Холмов считал, что лучше не говорить с Ольгой теперь, когда она стояла рядом и плакала. Начнет корить, упрекать, и, чего доброго, тут, на новом месте, и в первый же день они поругаются. И он не стал ни говорить с плакавшей женой, ни успокаивать ее. Склонился, обнял руками голову, чувствуя, как тупая, непрерывная боль от затылка переходила к ушам, так что ушные раковины нельзя было тронуть. Ему казалось, что вот так, согнувшись в шезлонге, он успокоит боль и успокоится сам. Но он слышал всхлипывания жены, ее частые вздохи, шумное сморкание в платок, и оттого, что он это слышал, боль в затылке не только не уменьшалась, а усиливалась. «Уснуть бы, уснуть бы, — думал он, сжимая руками голову. — И проснуться где-то далеко-далеко, на незнакомом берегу, в хижине, и чтобы на десятки верст вокруг ни души. Одно только море да я…»
Глава 7
Вот и сбылось то, чего Холмов ждал и чего боялся: ночь, и он один в чужом доме. В комнатах было душно. Его кровать Чижов поставил на веранде. Сюда залетал ветерок не то с гор, не то с моря. Отсюда был виден город в редких огнях. Луна гуляла в чистом небе, и на море лежала широченная, вся в искрах лунная дорога. Уснуть же Холмову на новом месте не давала радиола, игравшая в доме Мошкарева. Нельзя было понять, почему сосед заводил одну и ту же пластинку — поставит, отыграет и снова ставит. Это была развеселая песенка с припевом о том, как «Ивановна за рулем сидит», и звонкий голос певицы заглушал все окрест.
Холмов смотрел на лунную дорогу и невольно, сам того не желая, мысленно повторял: «А Ивановна за рулем сидит». К полуночи радиола смолкла, в наступившей тишине кузнечики затянули свою унылую мелодию, а бодрая песенка о том, что какая-то Ивановна за рулем сидит, так въелась в сознание, что еще долго не покидала Холмова. О чем бы он ни думал, а в голове: «А Ивановна за рулем сидит…»
Он стал думать о сыне. Ему казалось, что Антон не был рад приезду родителей.

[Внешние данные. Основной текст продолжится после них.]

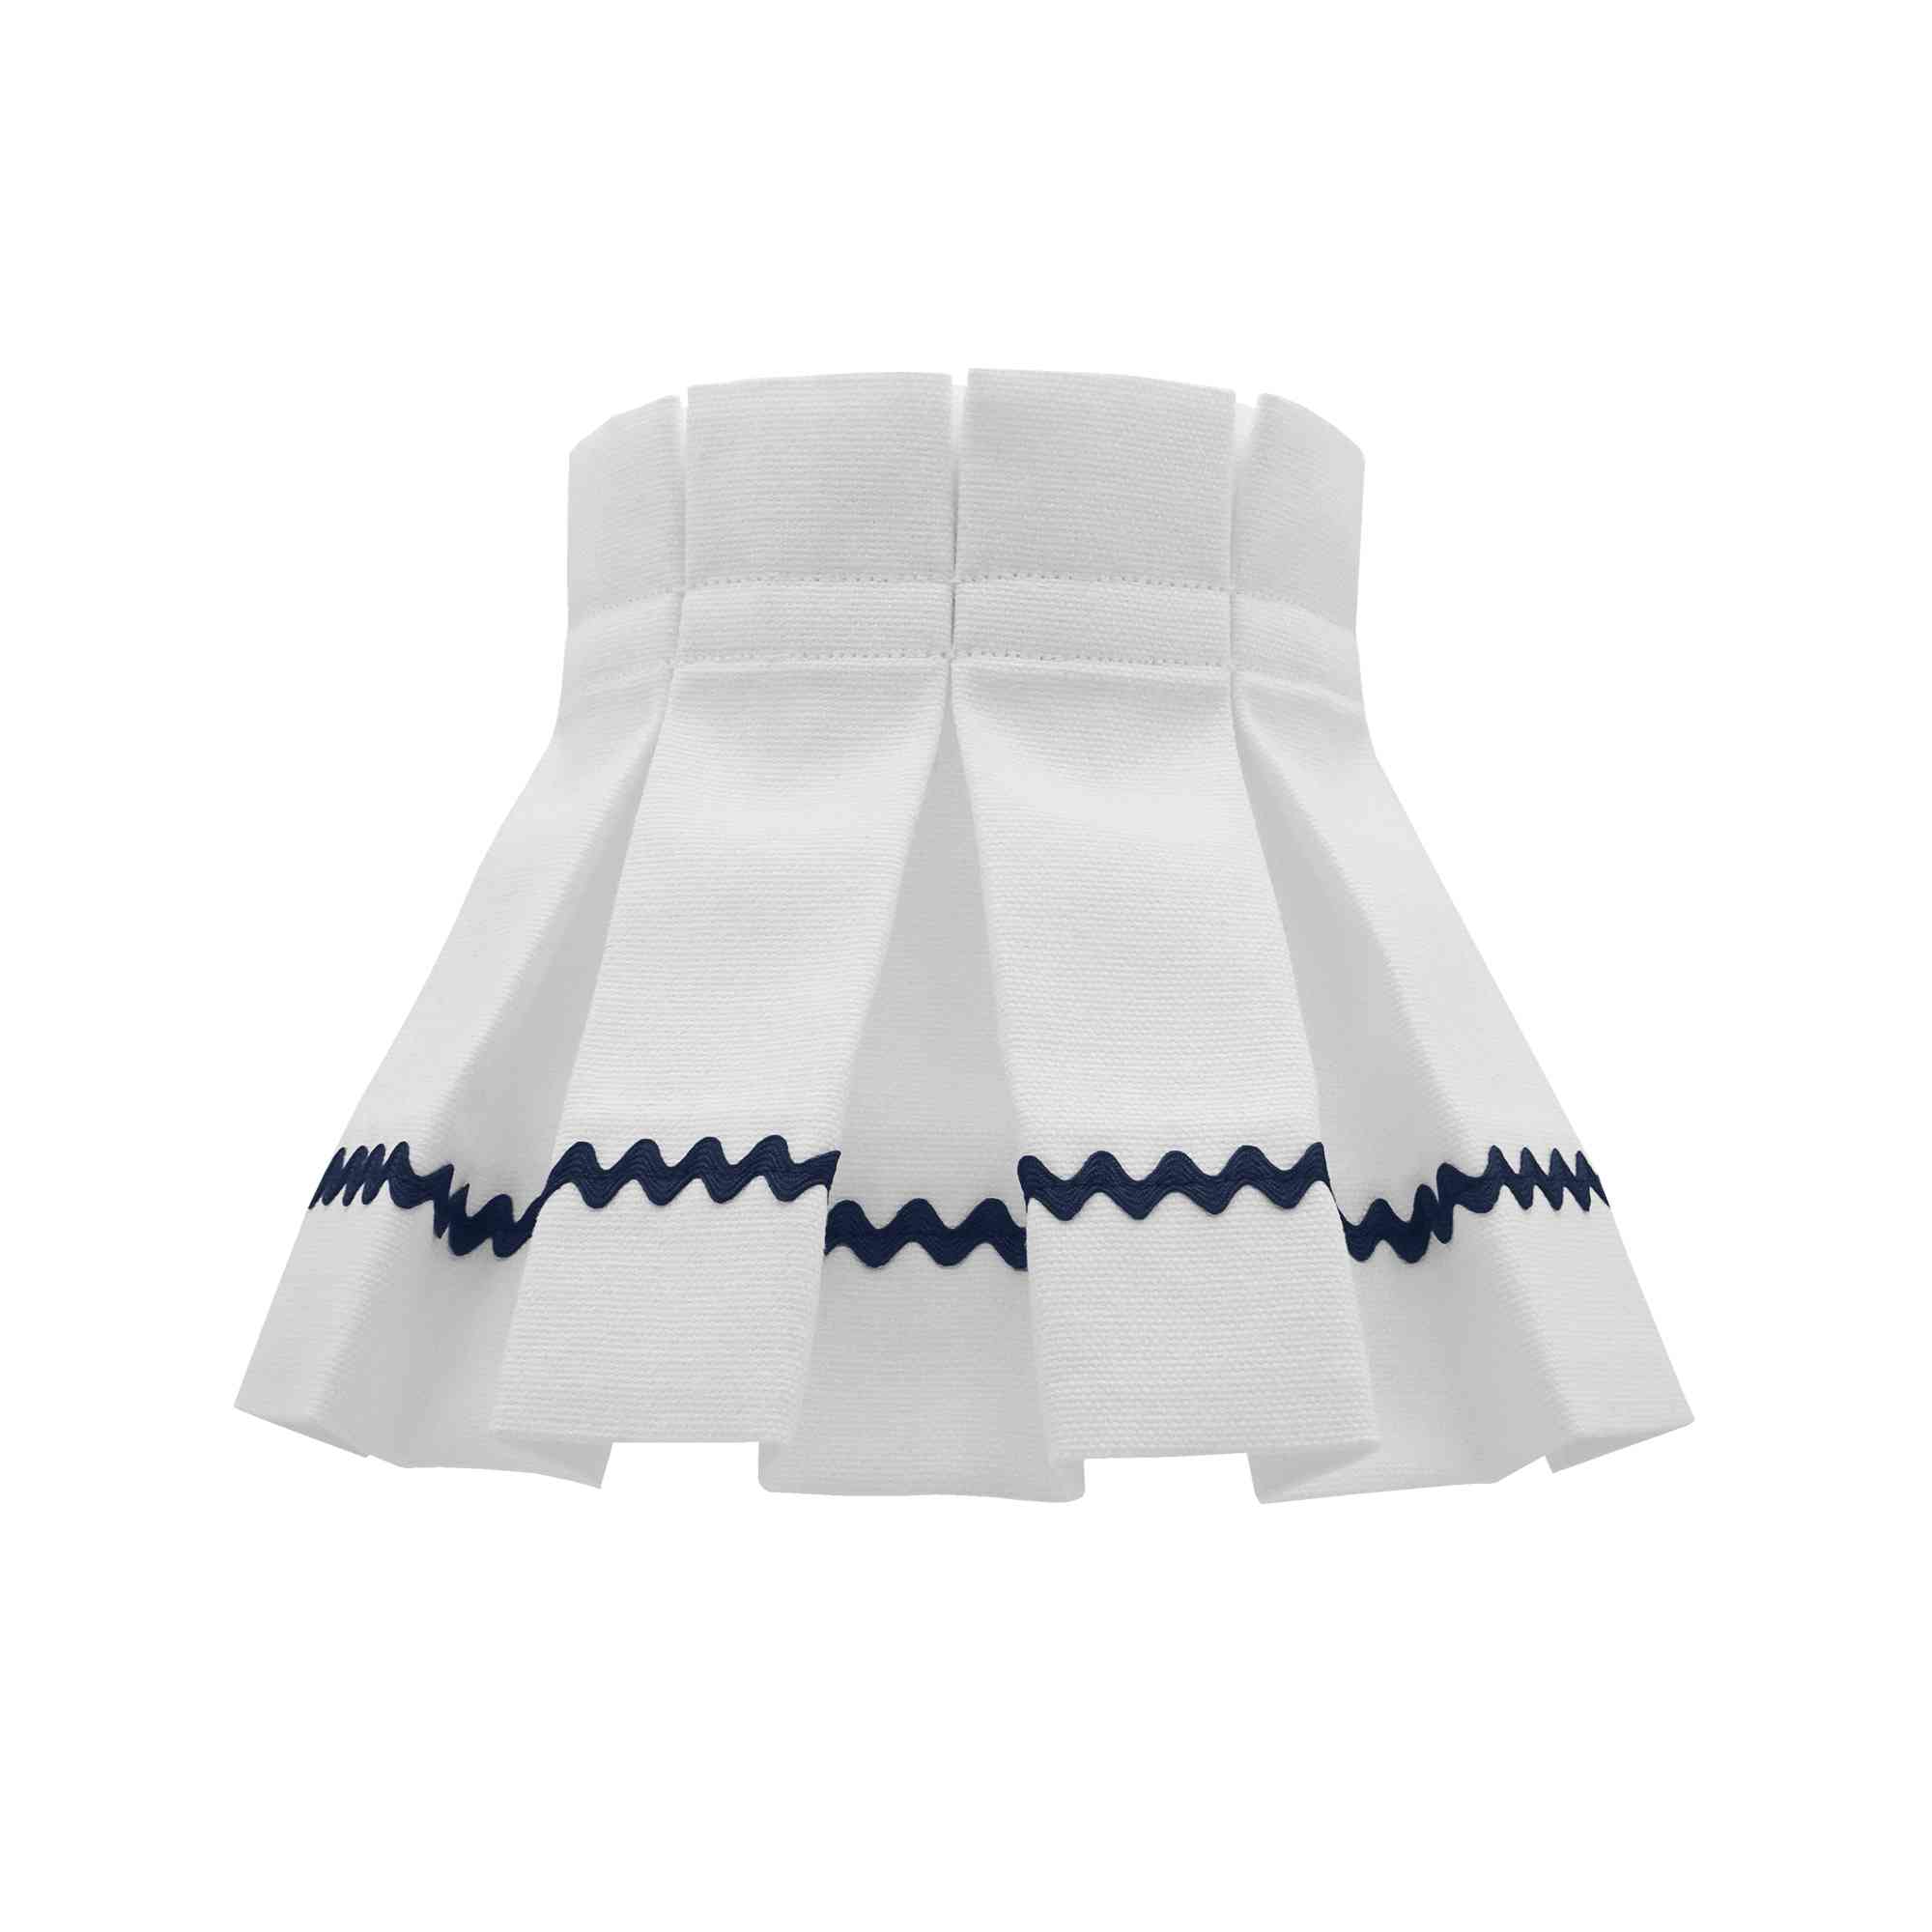 SQUIGGLE CLASSIC BOX PLEAT LAMPSHADE | NAVY/WHITE
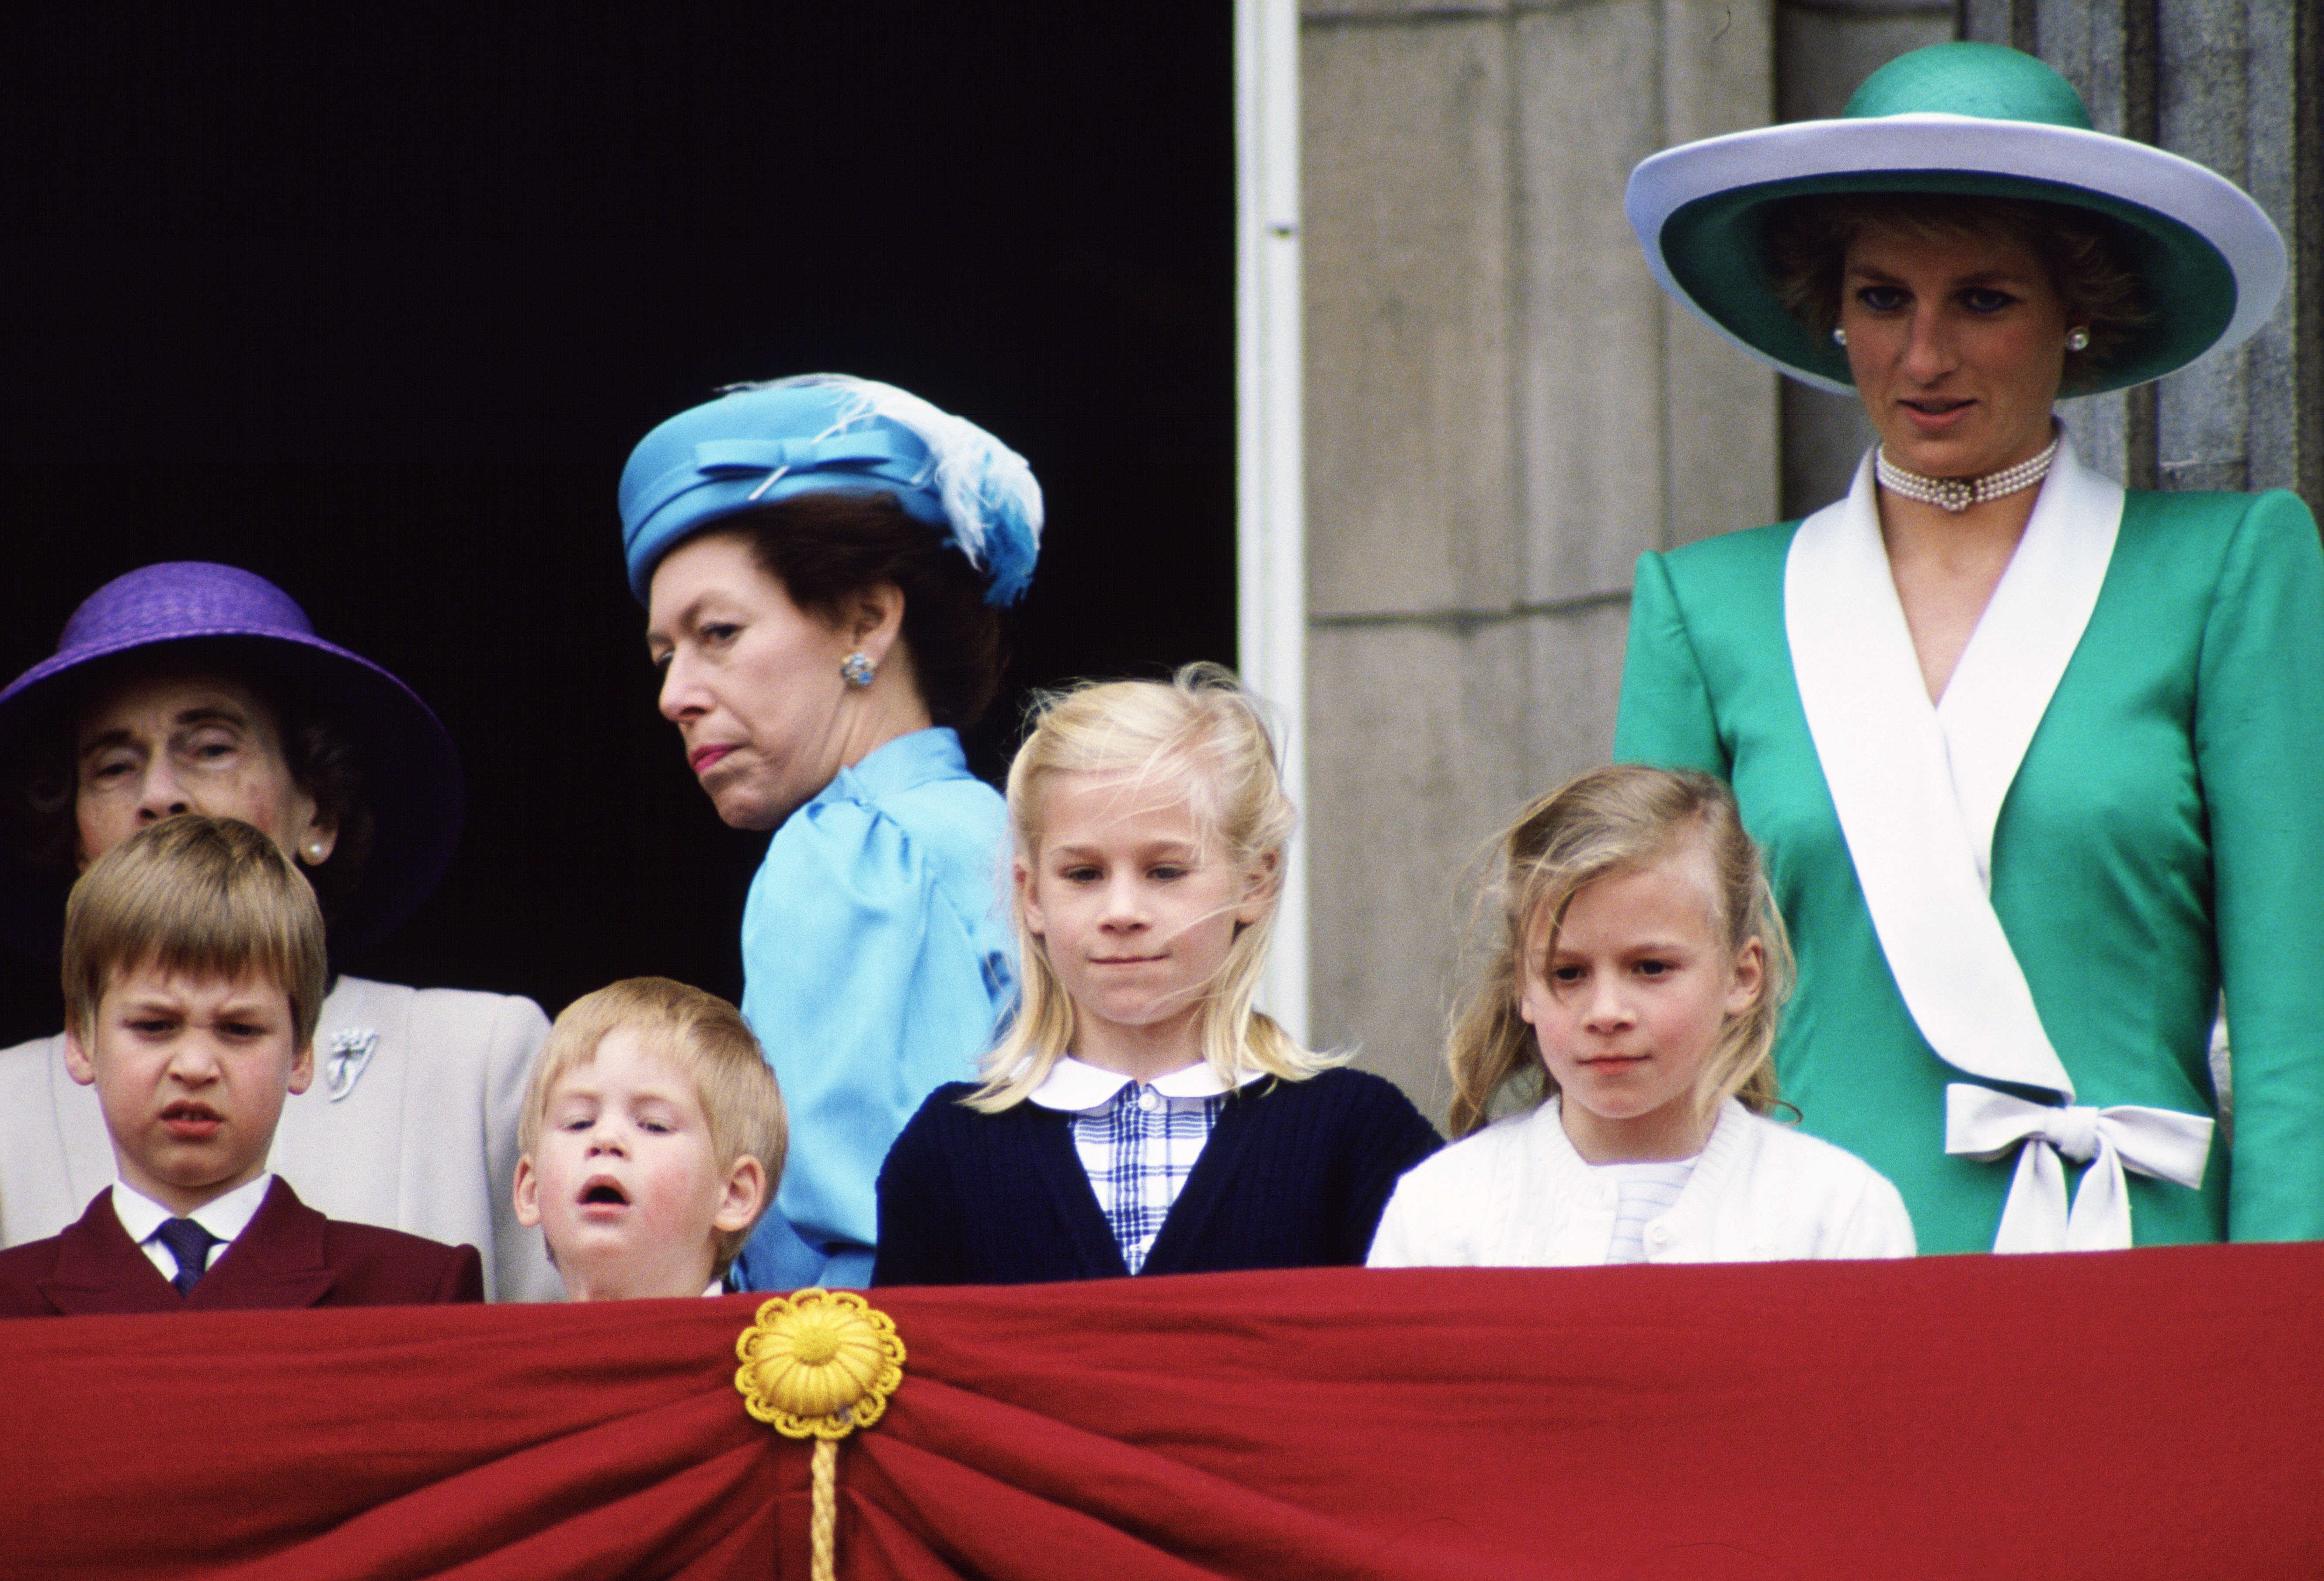 Diana, Princess of Wales, watches Trooping the Colour with Prince William, Prince Harry, Lady Rose Windsor, Lady Davina Windsor, and Princess Margaret from the balcony of Buckingham Palace | Photo: Getty Images

Поэтому и уехал домой еще засветло, сославшись на то, что жена его нездорова и что обещал ей сразу же, как только вернется, приехать домой. Они же поспешный отъезд сына поняли так: не захотелось ему на ночь оставаться с родителями, вот и уехал. Прощаясь, Антон просил приехать к нему в гости. Ольга обняла сына и расплакалась. Холмов, стараясь быть спокойным и даже веселым, сказал:
— И без приглашения непременно приедем. Надо же нам внучат повидать… Ну чего ты, мать? Уезжает-то Антон недалеко, жить-то теперь будем, считай, рядом. — Обнял сына, наклонил к себе его чубатую голову. — За жилье, за кровати и все прочее, Антон, спасибо. Только не знаю, как мы тут приживемся.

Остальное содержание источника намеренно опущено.